MANILA, Philippines—The Court of Appeals on Friday temporarily stopped the awarding of more than P400 million to 130 geothermal power firm employees who, a voluntary arbitrator ruled, were illegally dismissed after their employer transferred them to another company in 2012.
The court’s 11th Division, composed of Justices Nina Antonio-Valenzuela, Vicente Veloso and Jane Aurora Lantion, granted Chevron Geothermal Philippines Holdings Inc.’s appeal for a temporary restraining order (TRO) against the award of P408,442,505.32 in total separation pay to its transferred employees.
In a five-page resolution written by Valenzuela, the appeals court said Chevron might suffer a grave injustice and irreparable injury if the award pushes through while the arbiter’s decision was on appeal.
The payment of the P408 million might also undermine the company’s economic viability and imperil the continued operation of its two geothermal plants in Tiwi, Albay, and Makban, on the Laguna-Batangas border, resulting in brownouts in Luzon, including Metro Manila, the justices said.
Chevron, a wholly-owned subsidiary of an American multinational energy corporation of the same name, began operating in the Philippines in 1972. Complying with the government policy to create a Philippine company to operate the steam fields, Chevron entered into a partnership with Allfirst Equity Holdings Inc. via the Philippine Geothermal Production Co. Inc. (PGPC).
The court required Chevron to post a P10-million cash bond and ordered the lawyers of the company and the respondents, Philippine Geothermal Inc. Employees Union (PGIEU), to appear in a hearing on Feb. 5 to present evidence regarding Chevron’s plea for the issuance of a writ of preliminary injunction.

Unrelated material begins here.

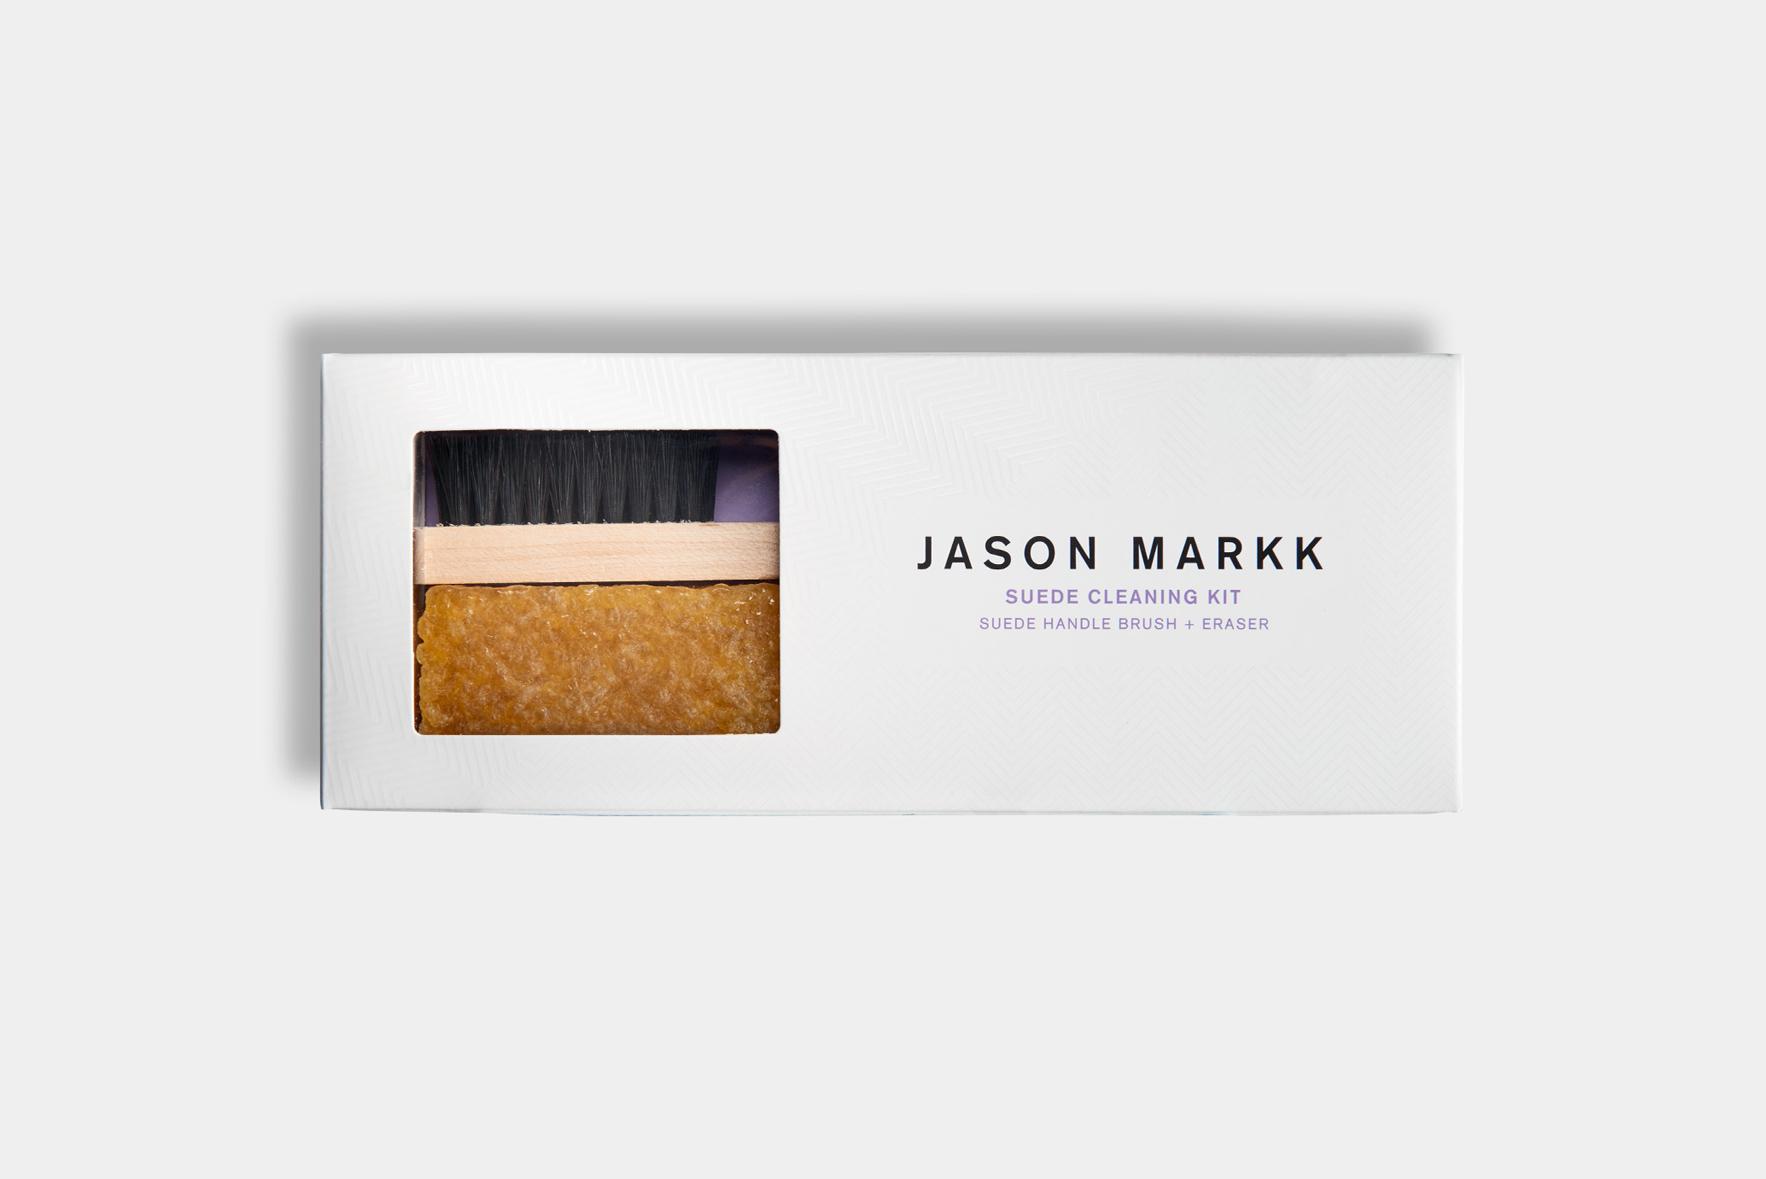 jason markk sort un kit de nettoyage pour suede wave. Black Bedroom Furniture Sets. Home Design Ideas
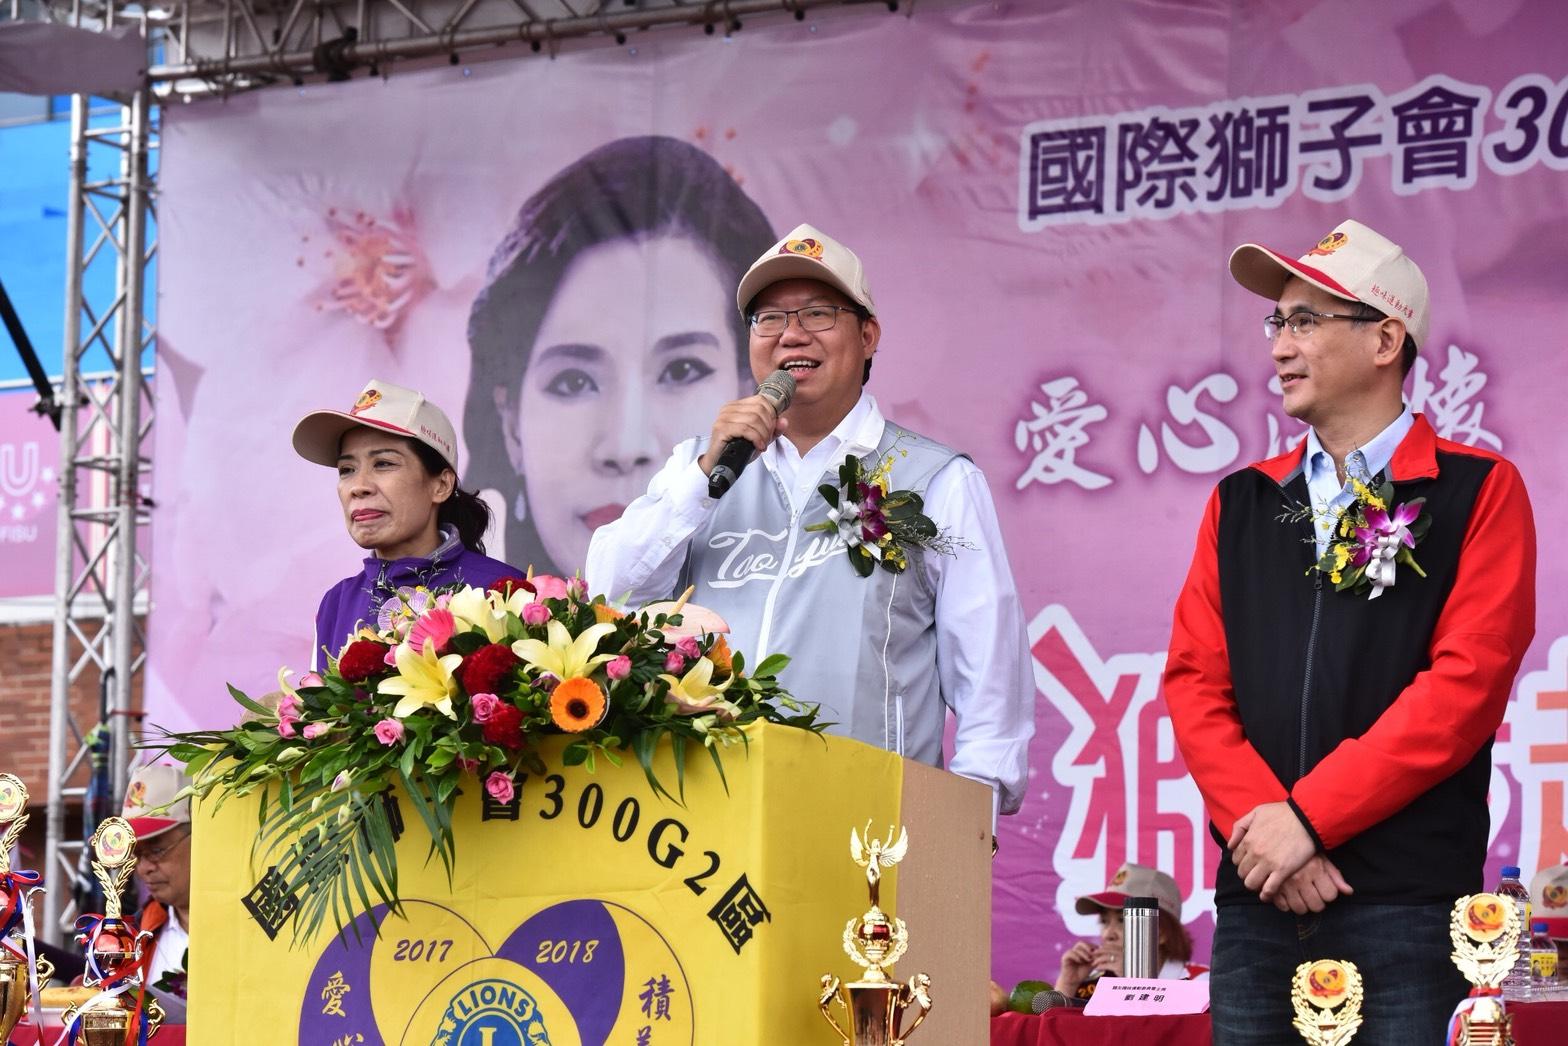 獅友趣味運動大會 鄭市長肯定國際獅子會300G2區貢獻|

“The TRO really came as a surprise to the union considering that there is a pending matter regarding the raffle of the case to another division as requested by the company,” PGIEU counsel Samson Alcantara told the INQUIRER.
Alcantara showed a copy of a resolution he received from the 11th Division dated Jan. 10 that he received last Wednesday, ordering him to comment within 10 days on the “urgent motion for a special re-raffle” that was filed by Chevron.
Chevron filed a petition for review of the decision of voluntary arbitrator Orlalyn Suarez-Fetesio in the Court of Appeals in July last year. The case was originally handled by the 8th Division but the company filed a motion for a re-raffle shortly after one of the division justices, Rosalinda Asuncion-Vicente, retired in November last year.
The 8th Division did not issue a TRO so Fetesio issued a writ of execution to collect the P408 million from the Makati City-based Chevron on Dec. 5, 2013.
The case stemmed from a labor case filed by the PGIEU in December 2012 questioning Chevron’s transfer of its employees to the jurisdiction of the new company, PGPC, in April the same year.
The PGIEU members, claiming that PGPC was a separate and distinct company, demanded termination/separation benefits due them under their collective bargaining agreement with Chevron, which, they said, had effectively ceased operations.
During the arbitration hearings, Chevron claimed the transfer of the employees was authorized by its CBA and was a valid exercise of management. The company added that no termination took place and the benefits enjoyed by the employees shall continue under the new company.
Ruling in favor of PGIEU in April last year, Fetesio said what happened to the employees was a termination since PGCP was a new and distinct company from Chevron.
Alcantara said the benefits, adjusted with interest, stood at around P457 million as of September last year.